Given entries -

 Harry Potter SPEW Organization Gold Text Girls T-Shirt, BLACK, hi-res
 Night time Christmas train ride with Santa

--

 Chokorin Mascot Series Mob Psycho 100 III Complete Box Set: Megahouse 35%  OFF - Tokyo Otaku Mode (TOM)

Brief - Retype exactly the lines of the data above that fall between the line with "Harry Potter SPEW" and the line with "Night time Christmas train ride with Santa", inclusive, and add nothing.

Reply to the task -
 Harry Potter SPEW Organization Gold Text Girls T-Shirt, BLACK, hi-res
 Night time Christmas train ride with Santa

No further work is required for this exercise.